_Your assignment_.
Repeat the listing below verbatim, without its images.
++++ Exercise data
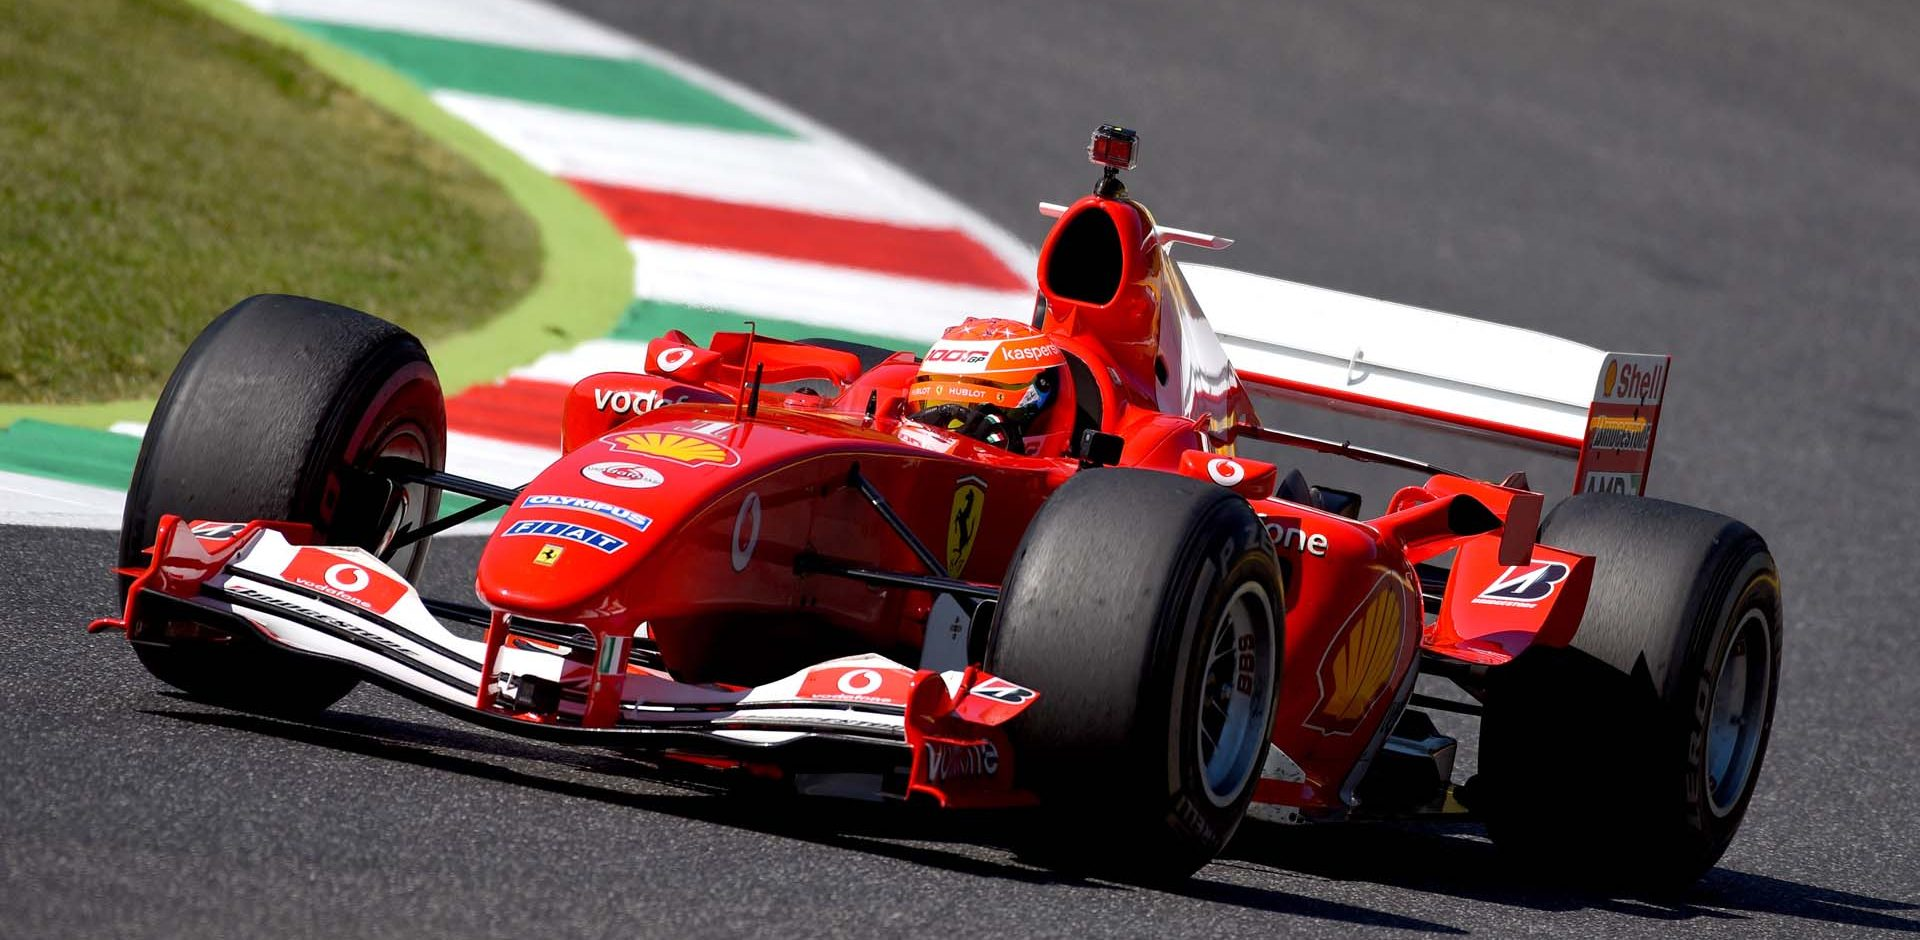 Mick Schumacher, Ferrar F2004, Tuscan Grand Prix 2020, Mugello
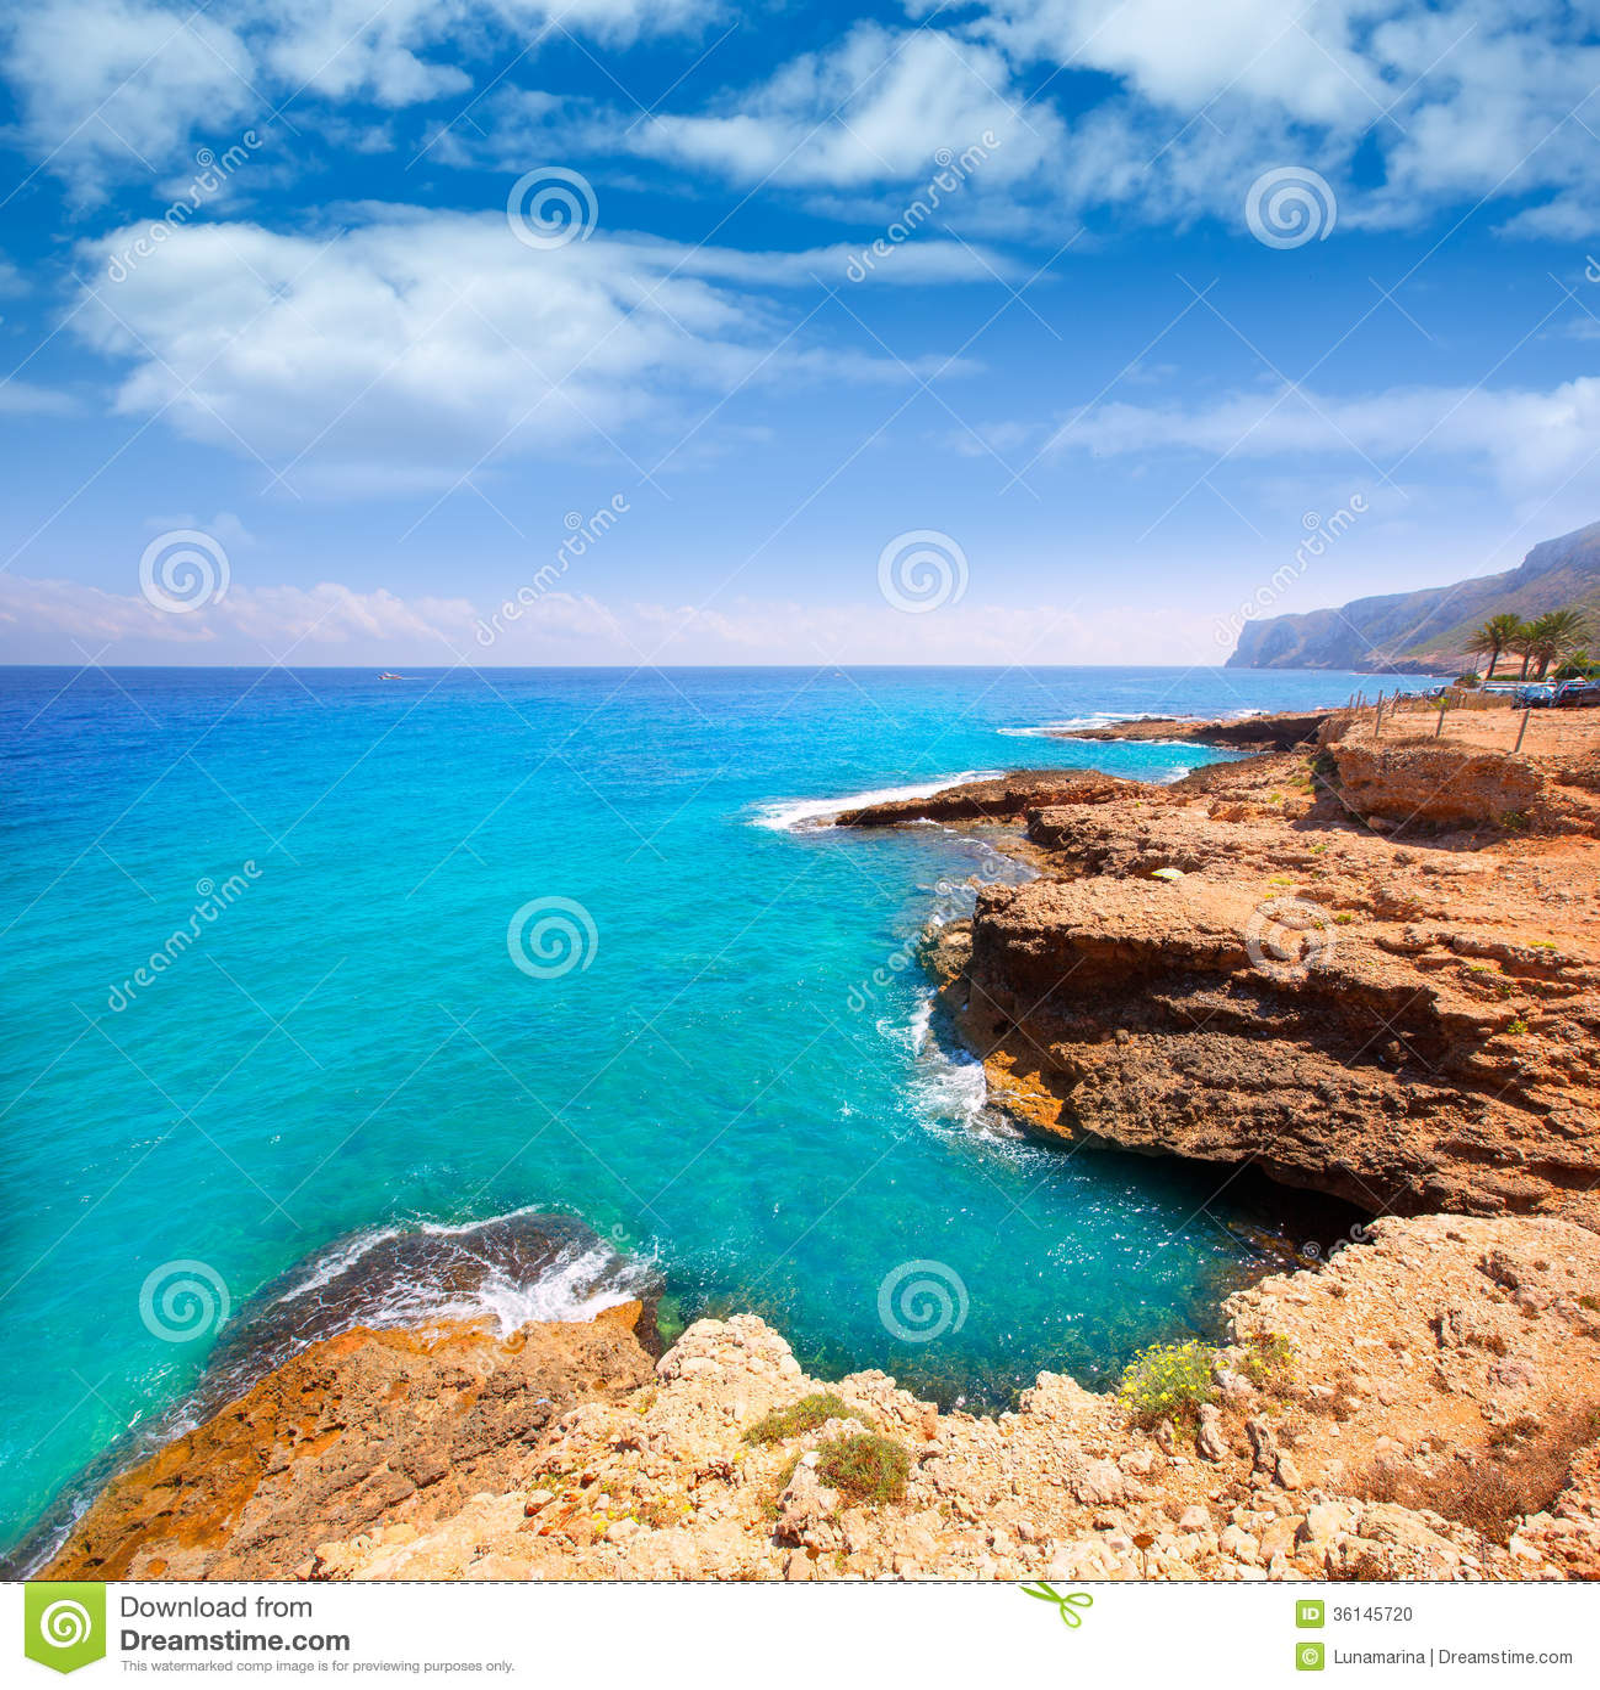 denia alicante las rotas rocky beach in spain stock photo image of
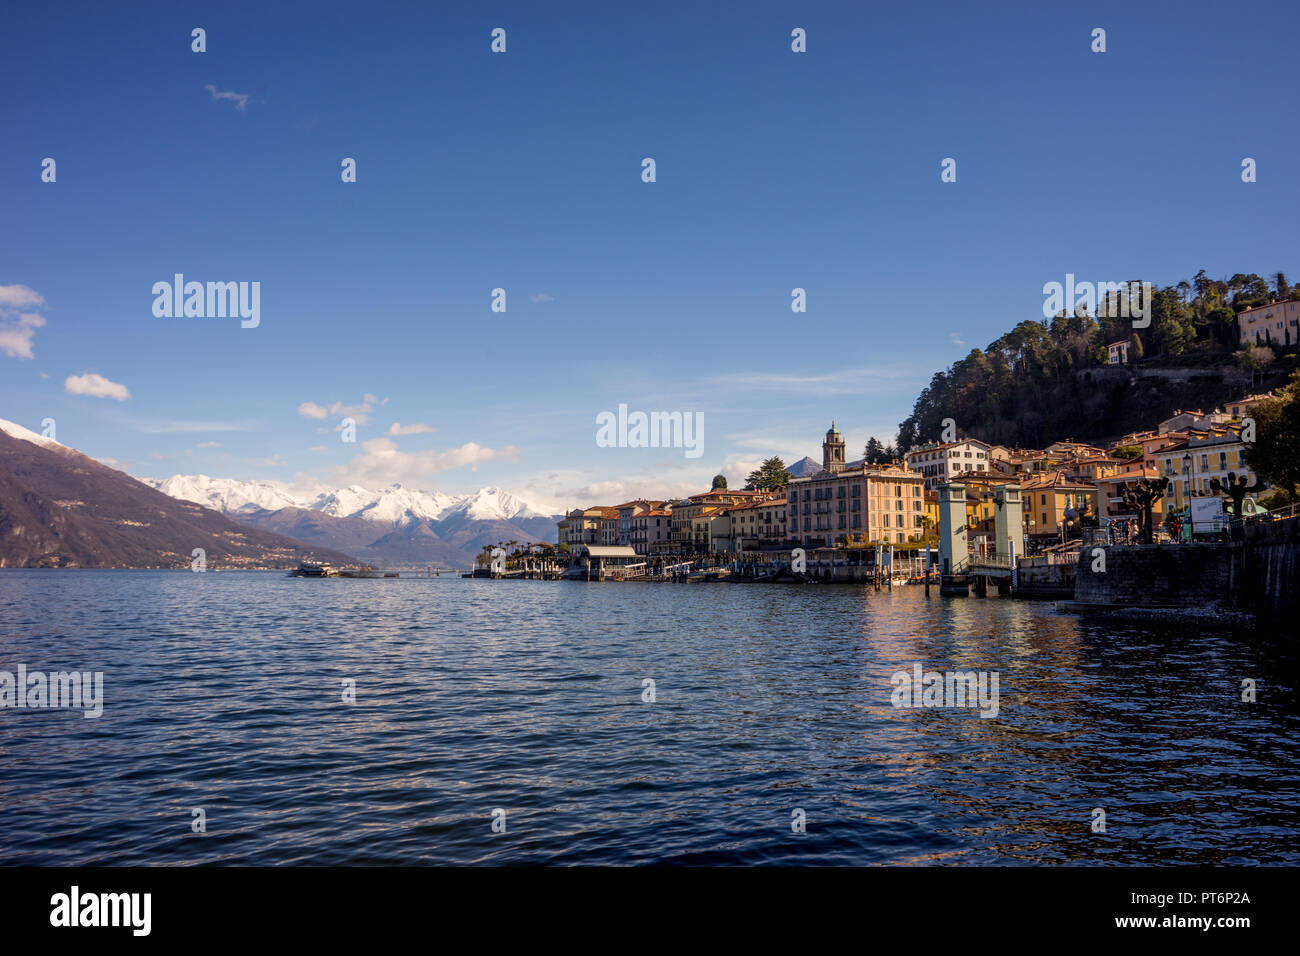 Europe, Italy, cityscape of Bellagio across lake Como - Stock Image
++++++++
_Answer to the exercise_.
 Mick Schumacher, Ferrar F2004, Tuscan Grand Prix 2020, Mugello
 denia alicante las rotas rocky beach in spain stock photo image of
 Europe, Italy, cityscape of Bellagio across lake Como - Stock Image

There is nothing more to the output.